Einen ganz anderen Weg im Computerschach beschritt hingegen Hans Zellner, Programmierer aus München, den das perfekte Endspiel, das Belle gegen Browne exerziert hatte, faszinierte. Zellner beschloß daraufhin auf einem Commodore 64 ebenfalls ein perfektes Endspiel zu programmieren. Angesichts des für heutige Verhältnisse steinzeitlichen Speichers von nur 64 Kilobyte, eine nicht hoch genug anzurechnende Leistung! Wenig später wurde der Welt sein Programm vorgestellt, das das Endspiel König + Turm gegen König perfekt beherrschte! 1986 stellte er weitere Endspiele (König+Dame gegen König sowie König+Bauer gegen König) vor und große Ehre wurde ihm zuteil, indem sogar die Herausgeber der Endspielenzyklopädie sich nicht trauten Analysen zu veröffentlichen ohne vorher seine Programme befragt zu haben!

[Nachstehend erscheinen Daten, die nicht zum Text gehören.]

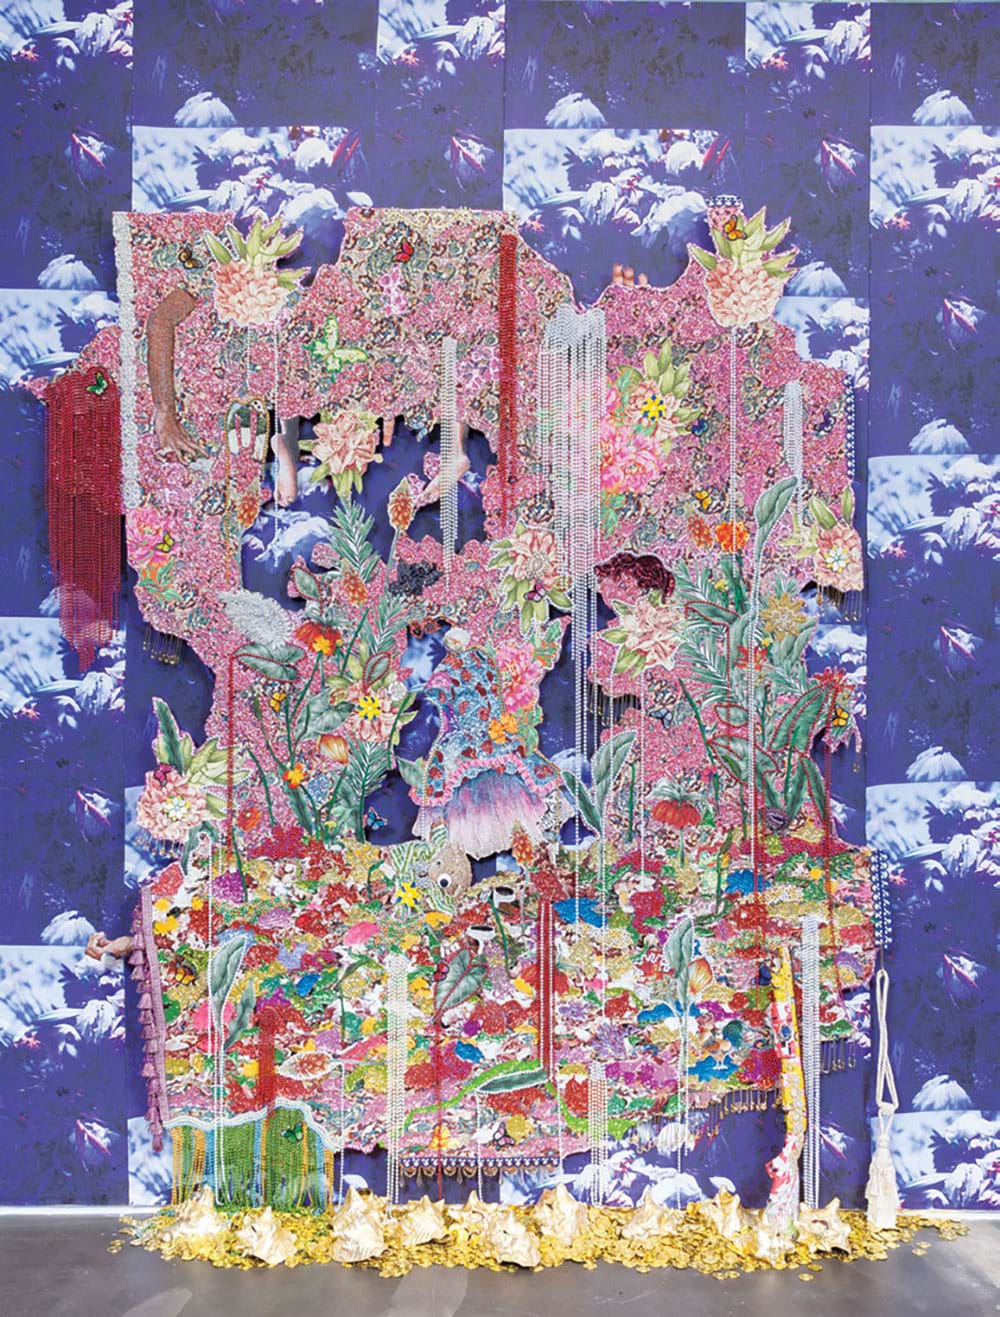 Ebony G. Patterson | … she saw things she shouldn’t have ... for those who bear/bare witness, 2018 | Jacquard-woven tapestry and mixed media on artist-designed fabric wallpaper

Aber auch Belle-Autor Ken Thompson hatte in der Zwischenzeit weitere Endspiele untersucht. Das erstaunlichste Ergebnis lieferte dabei wohl seine Analyse des Endspieles König+zwei Läufer gegen König+Springer. In der Theorie wurde dieses Endspiel als zwingend Remis erachtet, doch Thompson wies nach, daß dieses Endspiel gewonnen war und zwar in maximal 66 Zügen! Das größte Problem dabei ist die 50-Züge-Remis-Regel. Aufgrund dieser Regel könnte ein Spieler mit dem Springer in einer Maximalstellung theoretisch Remis reklamieren, da sein Gegner nicht mehr innerhalb der 50 Züge gewinnen kann! Aufgrund dieser Ergebnisse sah sich der Weltschachverband FIDE später gezwungen für einige Endspiele die maximale Zügezahl auf 75 Züge zu revidieren! Ein enormer Erfolg für das Computerschach. Eigentlich hätte Thompson einen weiteren Preis aus dem Fredkin-Font verdient!